In prepared remarks at the Piper Sandler Global Exchange & Fintech Conference on June 8, SEC Chairman Gary Gensler elaborated on the ongoing regulatory issues surrounding the cryptocurrency industry, arguing that the crypto community’s help in terms of “clarity of the regulations” has insufficient merit and the enforcement of his agency defended actions.
Gensler said he was straightforward in his approach, again rejecting the idea that existing securities laws are inadequate to regulate digital assets.
“Congress’s purpose in enacting the securities laws was to regulate investments in whatever form they are made and whatever name they are called,” Gensler said, citing Judge Thurgood Marshall’s decision in the case of the Supreme Court. Citing Reves Supreme Court.
“Congress included a long list of over 30 items in the definition of a security,” he continued, “including the term ‘investment contract’.” He cited the Supreme Court’s flexibility in defining a security SEC v WJ Howey Co.: “It embodies a flexible rather than a static principle, one that can adapt to the myriad and variable schemes devised by those who want to use other people’s money with the promise of profit.”

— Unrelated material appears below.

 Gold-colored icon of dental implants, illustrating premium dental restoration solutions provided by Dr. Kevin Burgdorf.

He also refuted arguments that 1930s securities law could not include blockchain technology:
“Satoshi Nakamoto’s innovation spurred the development of crypto assets and the underlying blockchain ledger technology. Regardless of the ledger used, be it a spreadsheet, database or blockchain technology, when investors put their money at risk, it is the economic reality of the investment that matters.
‘Economic reality’
Gensler stressed in his speech that the language used to label an investment contract does not change what it essentially is. “In decades of cases,” he said, “the Supreme Court has made it clear that a product’s economic reality — not its labels — determines whether it is a security under securities laws.”
Gensler addressed claims of “fair notice” and warned against the disingenuous tactics employed by some crypto market participants. He stated: “If crypto asset market participants say on Twitter or TV that they have not ‘correctly’ pointed out that their behavior could be illegal, don’t believe that. They may have made a calculated economic decision to view the risk of enforcement as the cost of doing business.

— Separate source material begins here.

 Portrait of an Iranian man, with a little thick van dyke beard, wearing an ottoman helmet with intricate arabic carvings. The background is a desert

Still, the SEC chairman’s speech left room for a crypto sector to be compliant with US law, arguing against the idea that compliance was “not possible” under the existing rules:
“I do not agree with the idea – and recent history disproves it – that compliance by crypto intermediaries is not possible. I recognize – and again, think it’s appropriate – that it takes work. It’s not just a matter of “paying lip service to [the] desire to comply with applicable laws “or looking for some meetings with the SEC in which you are not willing to make the changes necessary to comply with securities laws.”